[Interest] Heavily Commented Example: Simple Single Frontend with Two Backends
Till Oliver Knoll
till.oliver.knoll at gmail.com
Tue Oct 23 12:14:37 CEST 2012
2012/10/23 Thomas McGuire <thomas.mcguire at kdab.com>:
> > ...
> If you share data between threads, you need to protected them by a mutex or
> use aquire/release barriers manually. A mutex has implicit aquire/release
THAT'S exactly the point I was missing here! Thanks for the excellent
clarification!
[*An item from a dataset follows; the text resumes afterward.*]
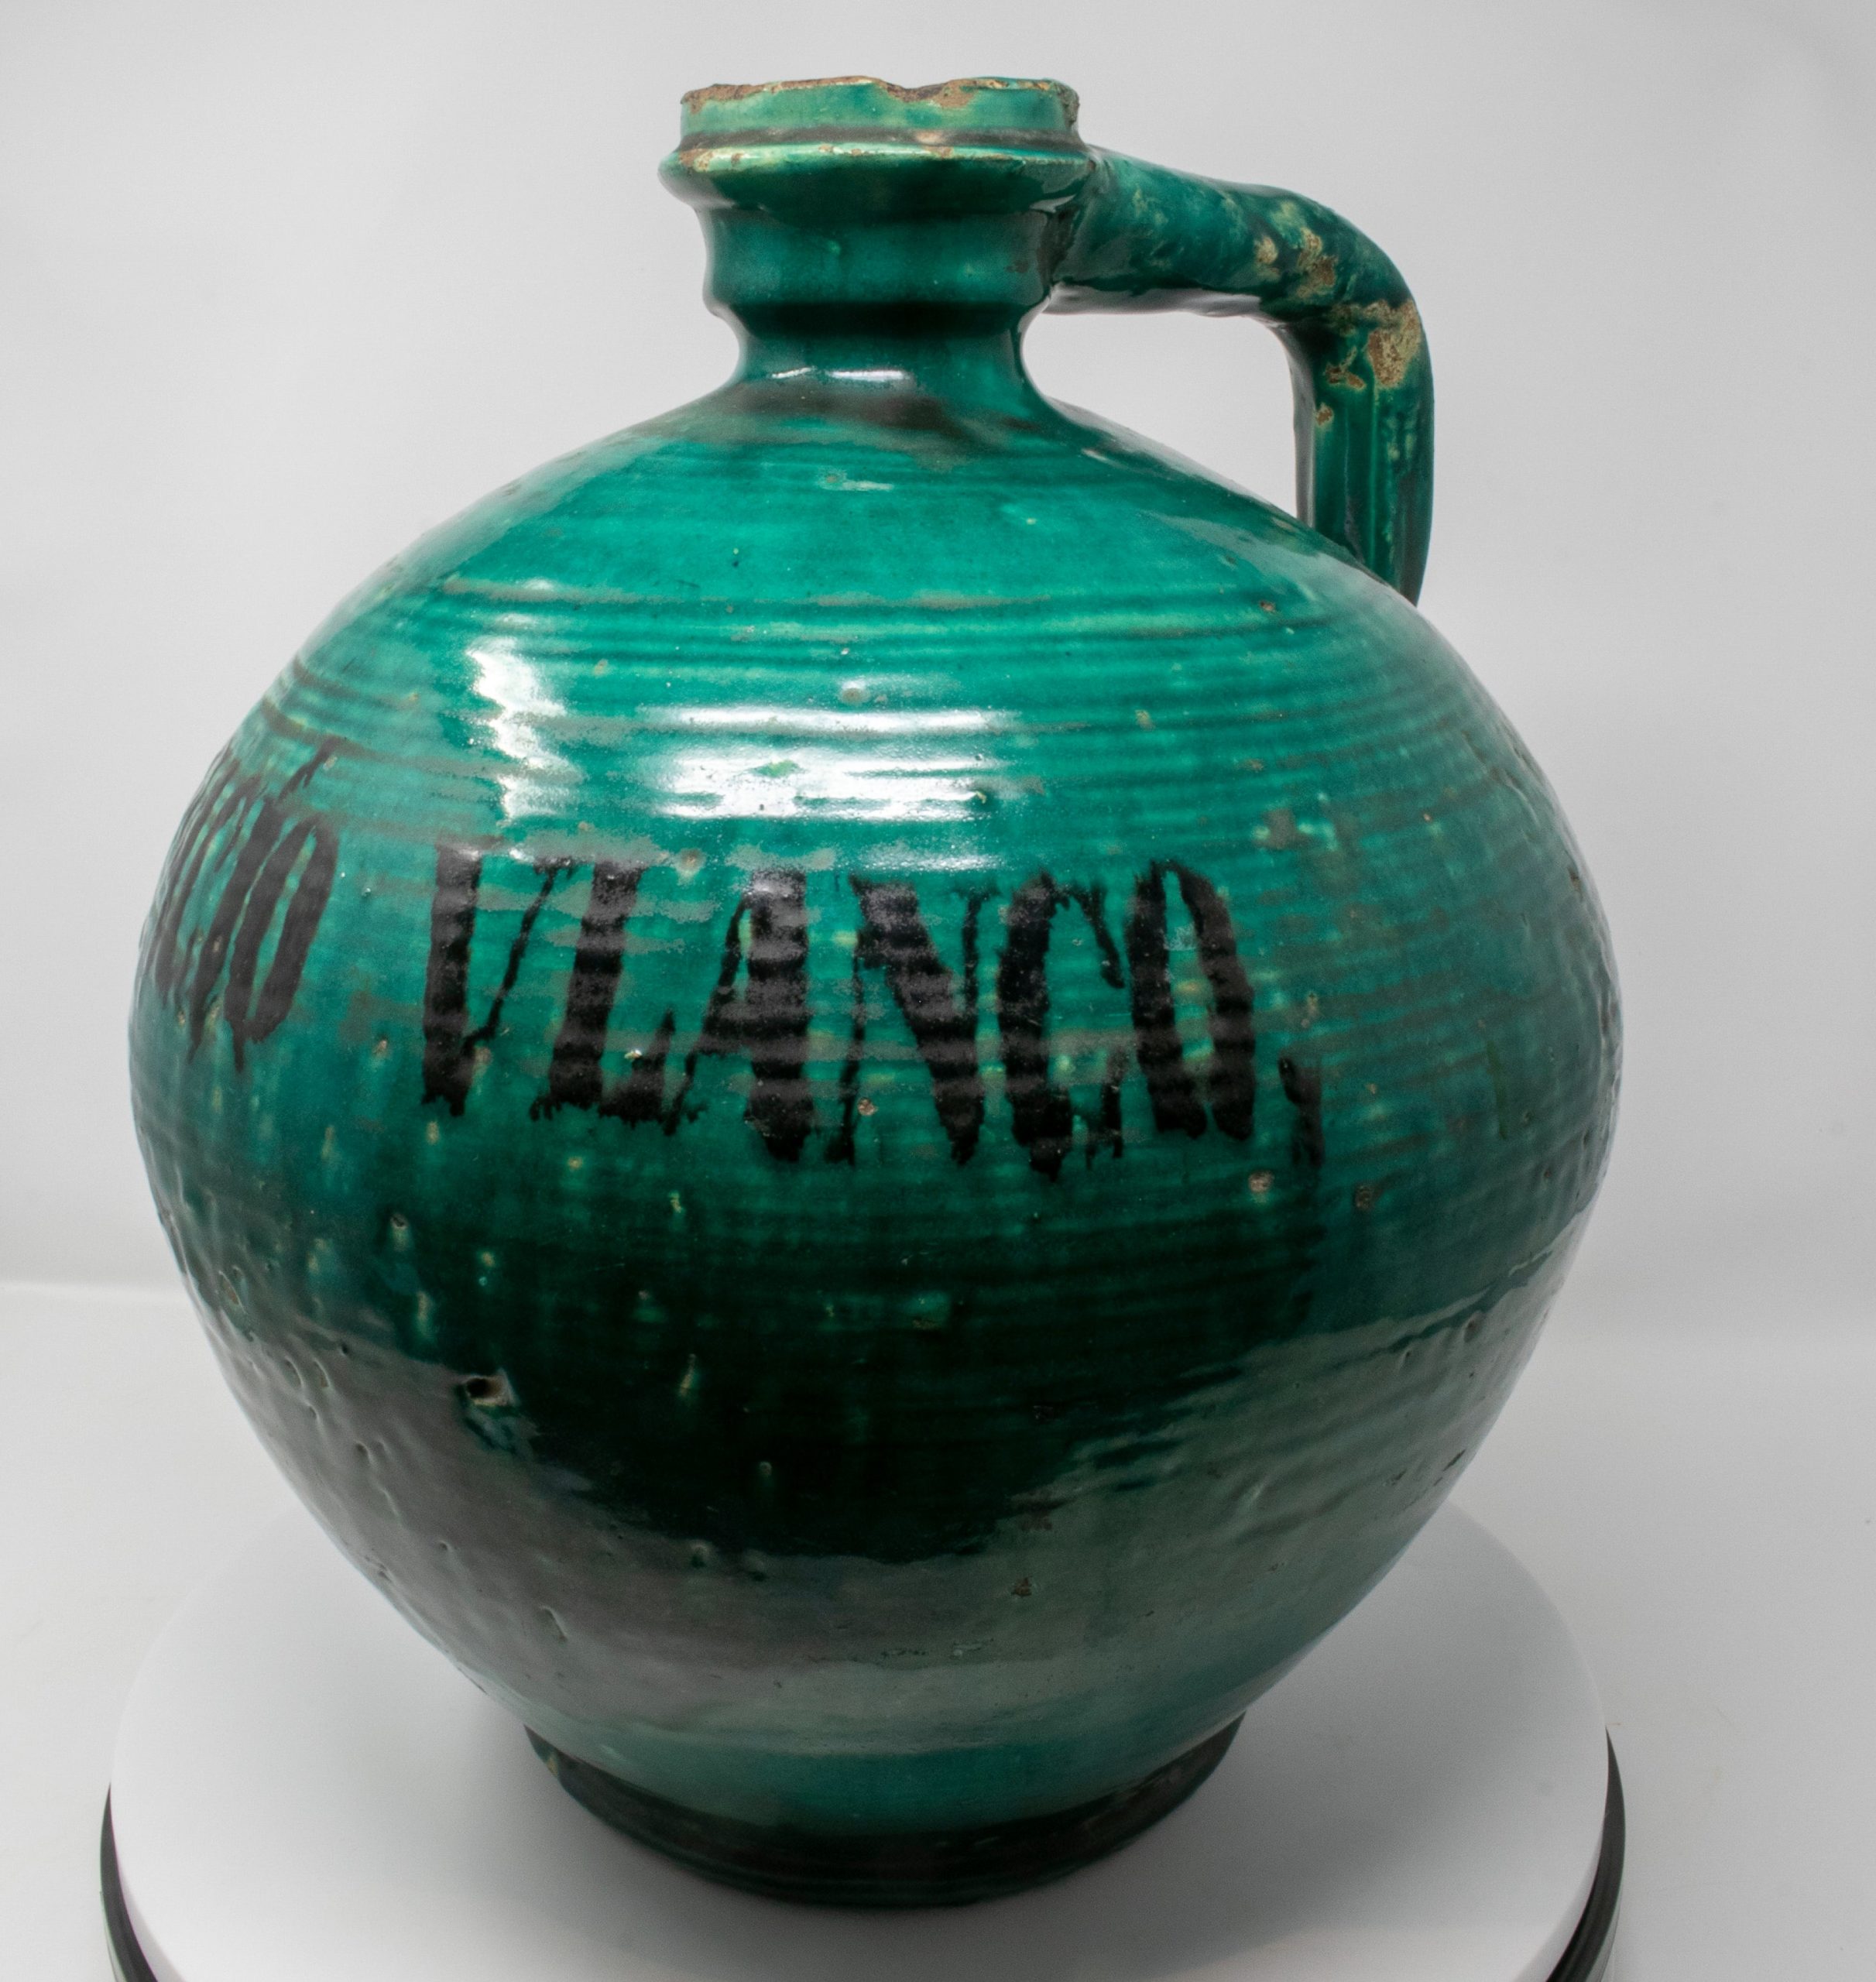 Jarrón Ciego Esmaltado en Verde con la Leyenda "Bonifacio Vlanco", del Siglo XIX
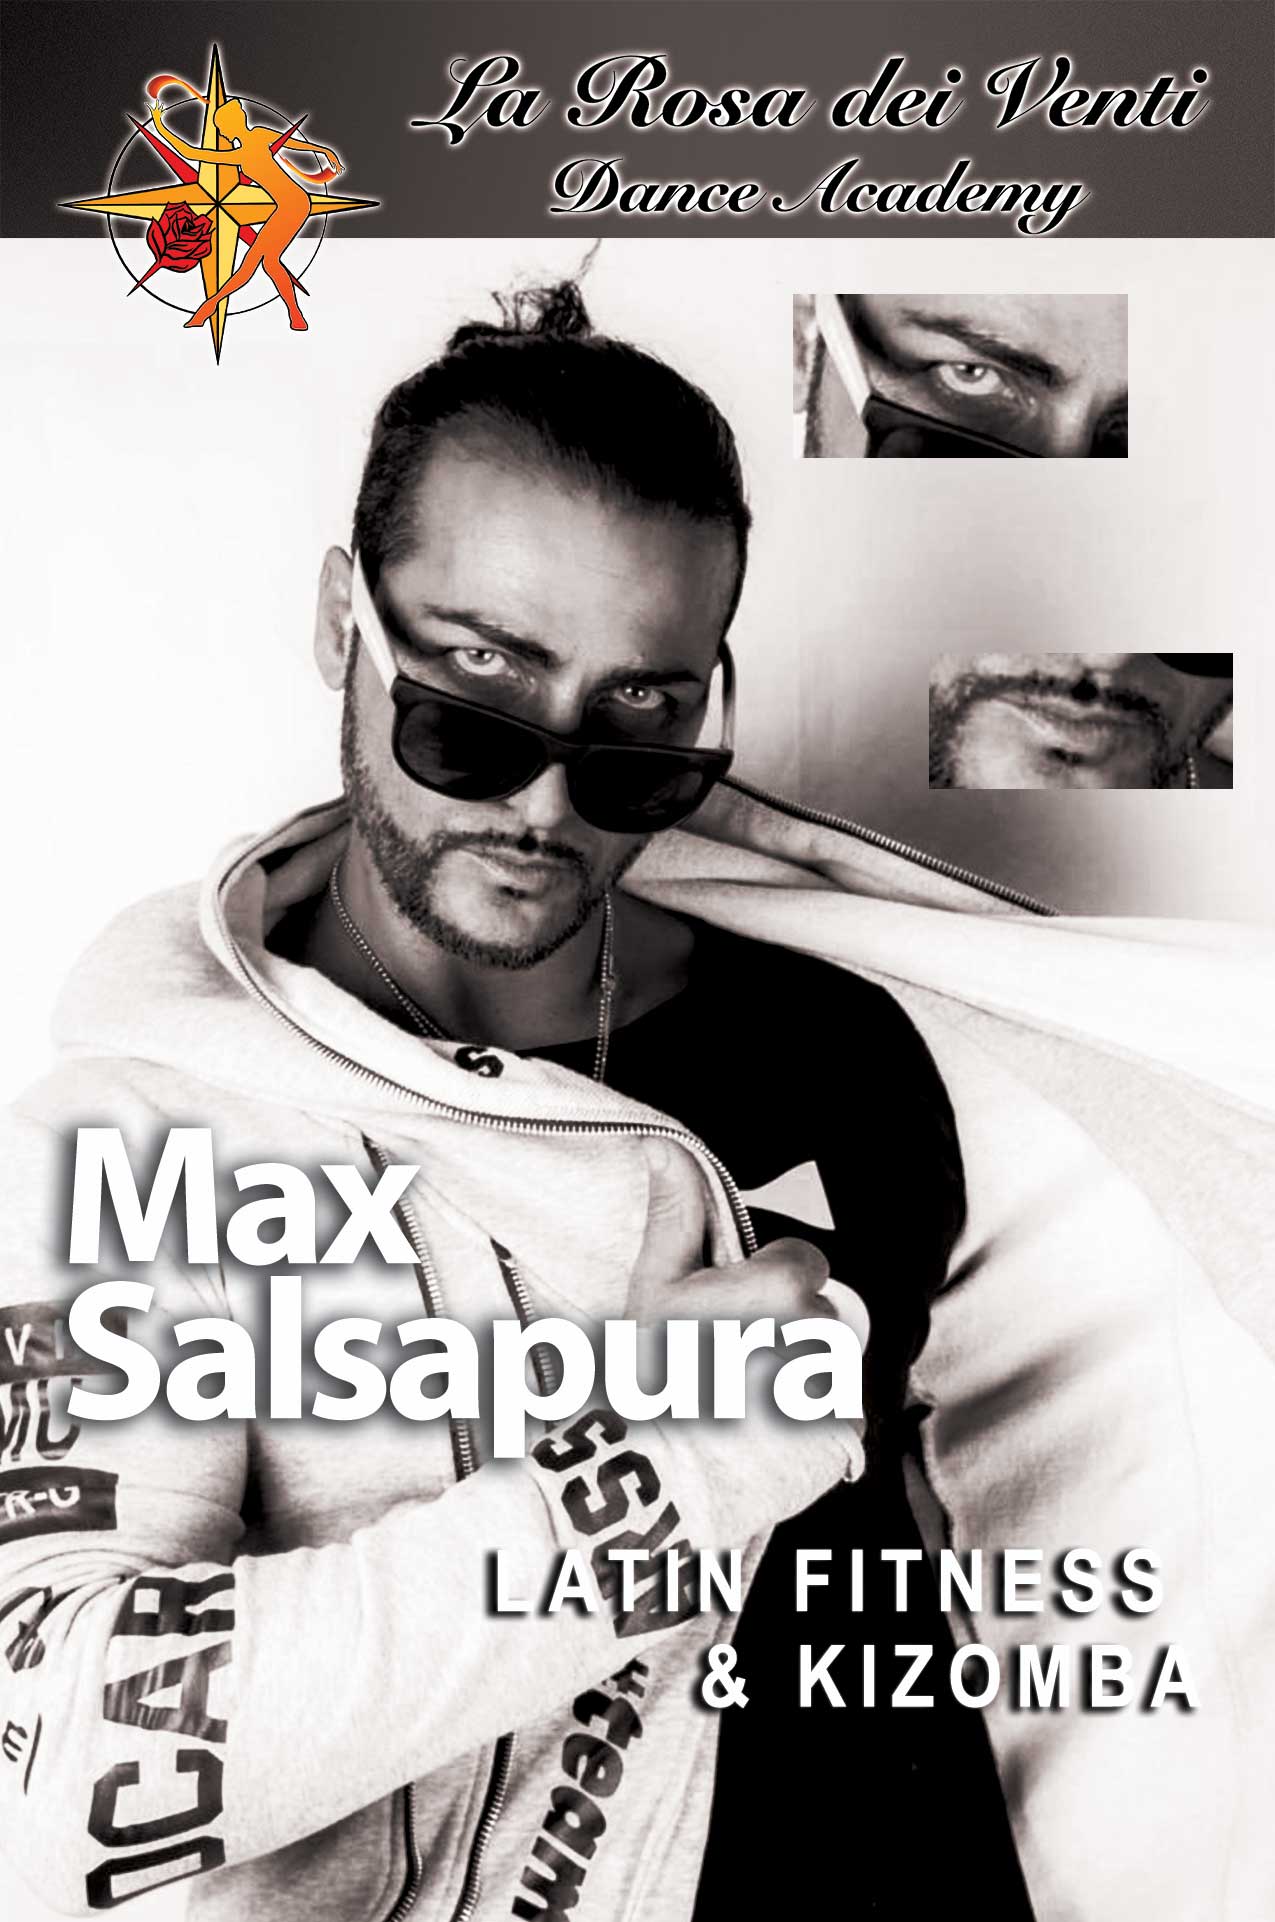 Max Salsapura Latin Fitness & Kizomba La Rosa dei Venti Dance Accademy

I wasn't aware that QMutex would also make sure "under
the hood" that memory / caches were synchronised, too, before granting
access to the Critical Section! :)
And yes, declaring a variable as "volatile" generates code such that
the variable is not placed into a register, but into ordinary RAM
instead (I guess - unfortunately I never took a "compiler class", and
my steps in Assembler were very few back in those days ;)) But off
course the CPU will (might) still cache it into 1st or 2nd level
As Bo pointed out on "ordinary desktops" you are probably lucky, since
the Intel desktop architecture (single CPU, multiple cores) apparently
have "coherent caches".
But I do get the point now that you should
- Use "QAtomicInt" instead of a "volatile bool" (for the simple "Stop
thread" use case) or
- Protect access with QMutex
in order to make sure that memory is synchronised across cache (or
even dedicated RAM) boundaries.
> Using a mutex is the best first choice: It protects your data against
> concurrent access and makes sure the data updates is visible on all CPUs using
> memory barriers.
Yes, that is now understood :) I wasn't aware of the "memory barrier" aspect!